Determining the original image pixels to be summed also depends on the particular modified pixel to be created. The third pixel tally identifies the particular modified pixel to be created. Each modified pixel corresponds to an original image pixel, as shown in FIG. 5, e.g., P′1 corresponds to P1. Assuming that raster order processing is used, the original image pixels to be summed includes: (a) original image pixel that corresponds to the modified pixel to be created; and (b) one or more neighboring original pixels to the left of the corresponding original image pixel. How many pixels neighboring pixels are selected depends on the band. In general, for any given band K, k minus 1 neighbor pixels to-the-left will be selected. Continuing the example, for band 26-1 two pixels may be selected. In this band, (a) pixels P20 and P19 are selected to create modified pixel P′20; (b) pixels P19 and P18 are selected to create modified pixel P′19; and (c) pixels P18 and P17 are selected to create modified pixel P′18. As another example, for band 26-2 three pixels may be selected. In band 26-2, (a) pixels P20, P19, and P18 are selected to create modified pixel P′20; (b) pixels P19, P18, and P17 are selected to create modified pixel P′19; and (c) pixels P18, P17, and P16 are selected to create modified pixel P′18.

After the original image pixels to be summed are selected, they are summed (step 726) and the result is divided by the denominator applicable for the particular band (step 728). The result is a modified pixel that is output in step 730. At step 732, a determination is made whether all of the modified pixels for the particular band have been created. This may be accomplished by comparing the value of the third pixel count with the width of the band. If more modified pixels for the particular band need to be created, the third pixel count is incremented (step 736) and steps 724 to 732 are repeated. If all modified pixels for the particular band have been created, the denominator is incremented and control returns to the step 636 of method 620.

As mentioned above, determining which original image pixels are to be summed depends on the particular modified pixel to be created. An example was given in which, for any given band K, an original image pixel and k minus 1 neighbor pixels to-the-left original image pixel are selected to be summed. In one alternative, neighbor pixels to-the-right of the original image pixel may be selected. In another alternative, neighbor pixels are selected from both the right and left of the original image pixel. Moreover, if the segments are portions of columns, the selected neighbor pixels are above or below the original image pixel.

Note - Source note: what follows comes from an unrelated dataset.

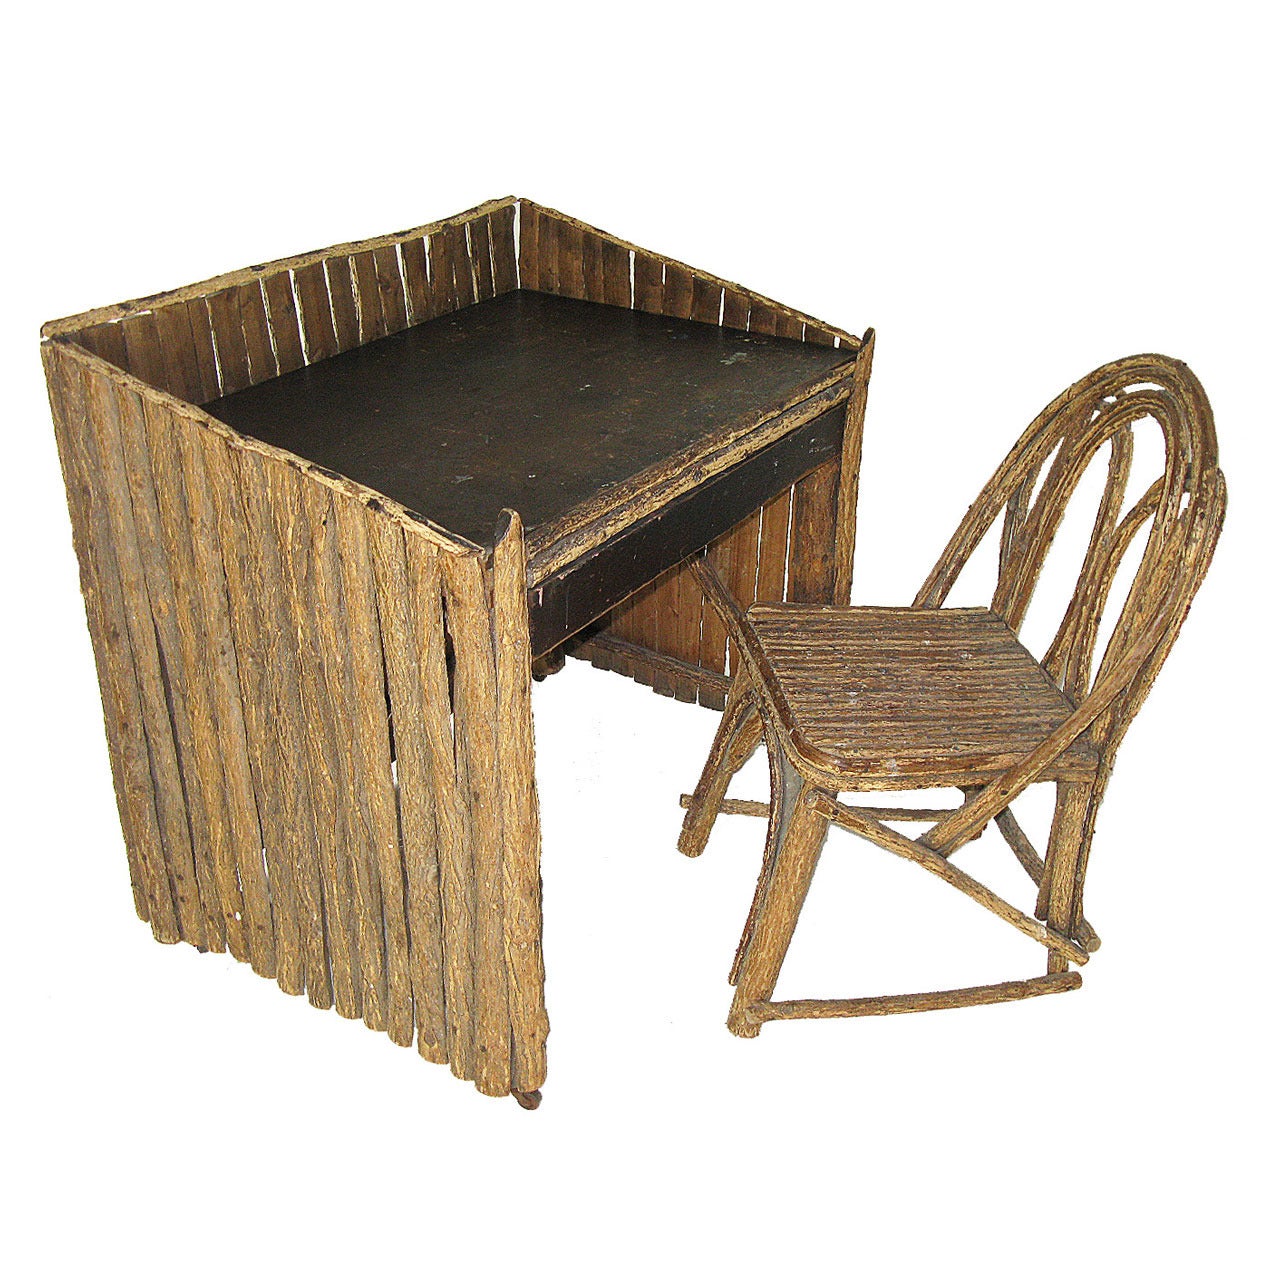 Adirondack Rustic Desk with Twig Chair For Sale

The method 620 described above includes steps for completely filling a band buffer used to store a segment of pixels. It should be appreciated that it is not critical that the band buffer be completely filled before modified pixels are created. The band buffer may be filled with less than one full segment of original image pixels. In an alternative embodiment, the band buffer is filled with enough original image pixels sufficient to create a modified pixel.

FIG. 8 shows a graphics display system 50 for processing image data to create an object having an appearance of motion blur from a single image of the object according to one embodiment of the claimed inventions.

The graphics display system 50 includes a display controller 52. The system 50 may be a mobile device. Where the system 50 is a mobile device, it is typically powered by a battery (not shown). The system 50 may include a host 54, a graphics display device 56, and one or more image data sources, such as a camera module or image sensor (“camera”) 58.

The display controller 52 interfaces the host and image data sources with the display device 56. In one embodiment, the display controller 52 is a separate integrated circuit from the remaining elements of a system, that is, the display controller is “remote” from the host, camera, and display device. In alternative embodiments, one or more functions of the display controller 52 may be performed by other units in a system.

The host 54 is typically a microprocessor, but may be a digital signal processor, a computer, or any other type of controlling device adapted for controlling digital circuits. The host 54 communicates with the display controller 52 over a bus 62 to a host interface 64 in the display controller.

A display device interface 66 is included in the display controller 52. The display device 56 has a display area 56a where pixel data is displayed. The display device interface 66 provides an interface between the display controller 52 and the display device 56. A display device bus 68 couples the display controller 52 and the display device 56. LCDs are typically used as display devices in portable digital appliances, such as mobile telephones, but any device(s) capable of rendering pixel data in visually perceivable form may be employed. The term “display device” is used in this specification to broadly refer to any of a wide variety of devices for rendering images. The term display device is intended to also include hardcopy devices, such as printers and plotters. The term display device additionally refers to all types of display devices, such as CRT, LED, OLED, and plasma devices, without regard to the particular display technology employed.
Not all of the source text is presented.